Betaine levels in the plasma were measured using HPLC, because we thought that NMR might not be sensitive enough to detect betaine levels in plasma. The HPLC method is based on Ganzera et al. (20) with minor modifications. First, 50 µL plasma was added to 50 µL of 100 mmol/L KH₂PO₄. This sample was added to 900 µL derivatizing solution containing 66 mg 18-Crown-6 and 1390 mg 2,4'-dibromoacetophenone in 100 mL acetonitrile. Samples were heated at 80°C for 60 min, allowed to cool for 5 min, and centrifuged at 2000 x g; 5 min at room temperature. Samples were analyzed on a Waters HLPC system equipped with a LC spectrophotometer, a 717 Wisp autosampler, and a 600E system controller and were quantitated using Millennium software. Separation was achieved using a Supelcosil LC-SCX column (250 x 4.6 mm, 5 µm) and a mobile phase consisting of a 70:30 mix of methanol and 25 mmol/L choline chloride (pH 2) with a flow rate of 0.8 mL/min and a detection wavelength of 454 nm. Results obtained by the 2 analytical techniques for betaine quantification yielded comparable results for samples from the same animal.

    Plasma Hcy. Samples were prepared and analyzed for plasma Hcy by HPLC as described by Vester and Rasmussen (21).

Statistical analysis

For the initial exploratory experiment (study 1), means were compared with 1-way ANOVA followed by Tukey's post hoc test. Comparisons between groups in Study 2 were assessed by general linear model with the independent factors being the maternal and pups' diet and the pups' age as well as the interaction between these factors. When significant interaction was found between treatments, pairwise comparisons were made using Tukey's post hoc test. The relationship between plasma betaine concentration and tissue betaine concentrations was analyzed by linear regression. Growth rates in study 2 were determined by fitting an exponential growth curve to the mass data for individual rats. For all statistical analyses, P < 0.05 was considered significant with the exception of growth rates that were compared by overlapping 95% CI. When necessary, prior to conducting ANOVA, data were log transformed to normalize residuals. Values presented are means ± SD.

	Results

TOP ABSTRACT Introduction Materials and Methods Results Discussion LITERATURE CITED

 
Study 1 (nonpurified diet)

The nonpurified diet contained 20 µmol/g betaine (mean of 3 separate determinations measured by NMR). Tissue betaine was low until pups were weaned, at which point liver and kidney betaine contents increased markedly (Fig. 2). Betaine levels in liver and kidney peaked at d 28 (1 wk postweaning) to d 42 and began declining by d 56. Heart betaine had a small but sustained increase, whereas brain betaine content decreased continually during the experiment (Fig. 2).

View larger version (11K): [in this window] [in a new window]   FIGURE 2  Tissue betaine content in developing rats weaned to nonpurified diet. Values are means ± SD, n = 3. Means without a common letter differ, P < 0.05 (ANOVA).

Having shown that Sprague-Dawley rats had a temporally transient increase in betaine when fed a nonpurified diet, which is a substantial source of betaine, we conducted all further experiments on rats fed a purified diet.

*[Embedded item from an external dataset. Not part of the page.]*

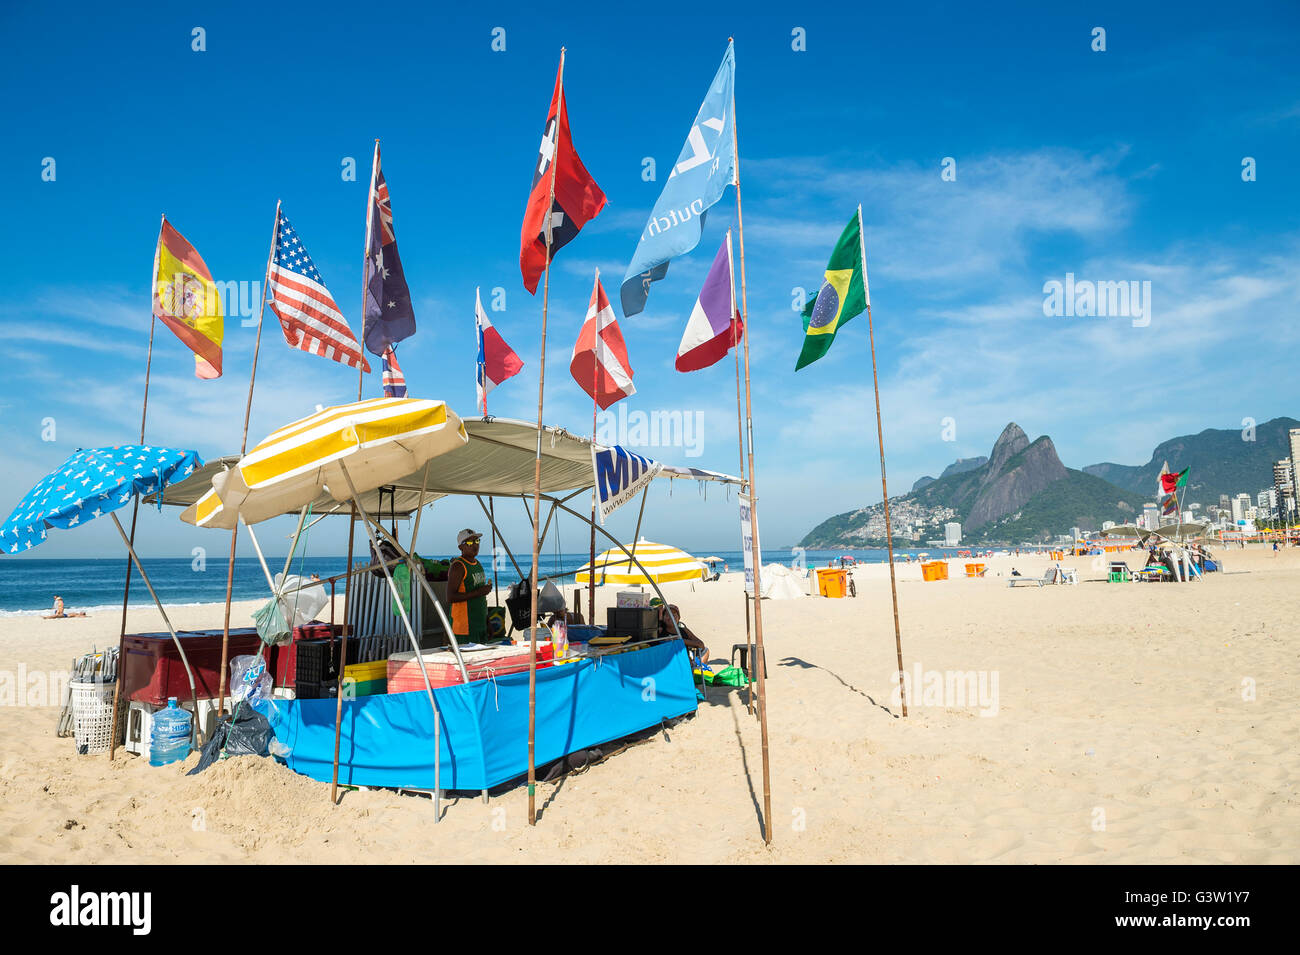 RIO DE JANEIRO - Aprile 4, 2016: bandiere internazionali di volare al di sopra di una barraca (brasiliano beach shack) sulla spiaggia di Ipanema. Foto Stock

    Growth rates. The diets did not affect the growth rate of rats as determined by fitting data to an exponential curve (P < 0.001; r² 0.93 for all; data not shown). The growth rates of pups in the 4 groups ranged from 4.8 to 5.5%/d.

    Betaine contents. From d 14 to 21, prior to weaning, there was no effect of treatment on betaine in plasma, liver, or kidney (Fig. 3). Following weaning, plasma, liver, and kidney betaine increased in the pups fed a betaine-supplemented diet irrespective of the mothers' diet. Throughout the experiment, only the pups' diet affected betaine accumulation, whereas the mothers' diet did not affect betaine content in the pups. From d 42 to 49, liver betaine content was not affected by the pups' diets (Fig. 3B). Similarly, following a plateau, plasma (Fig. 3A) and kidney (Fig. 3B) betaine content decreased and the groups did not differ on d 49.

View larger version (12K): [in this window] [in a new window]   FIGURE 3  Plasma (A), liver (B), and kidney (C) betaine contents in developing rats exposed or not to dietary betaine before and/or after birth. Values are means ± SD, n = 5. *Pups fed betaine-free and -supplemented diets differ at that time, P < 0.05. Maternal diet did not affect tissue betaine content. –/–, dam (0% betaine)/pup (0% betaine); +/–, dam (0.3% betaine)/pup (0% betaine); –/+, dam (0% betaine)/pup (0.3% betaine); +/+, dam (0.3% betaine)/pup (0.3% betaine).

View larger version (13K): [in this window] [in a new window]   FIGURE 4  Liver BHMT (A), liver CHDH (B), and kidney CHDH (C) in developing rats exposed or not to dietary betaine before and/or after birth. Values are means ± SD, n = 5. In all groups combined, means without a common letter differ, P < 0.05. *Pups fed betaine-free and -supplemented diets differ at that time, P < 0.05. The same pattern of difference was found when data were expressed as µmol·min–1·g wet mass–1.

View larger version (23K): [in this window] [in a new window]   FIGURE 5  Correlations between plasma and liver (A) or kidney (B) betaine content in developing rats exposed or not to dietary betaine before and/or after birth.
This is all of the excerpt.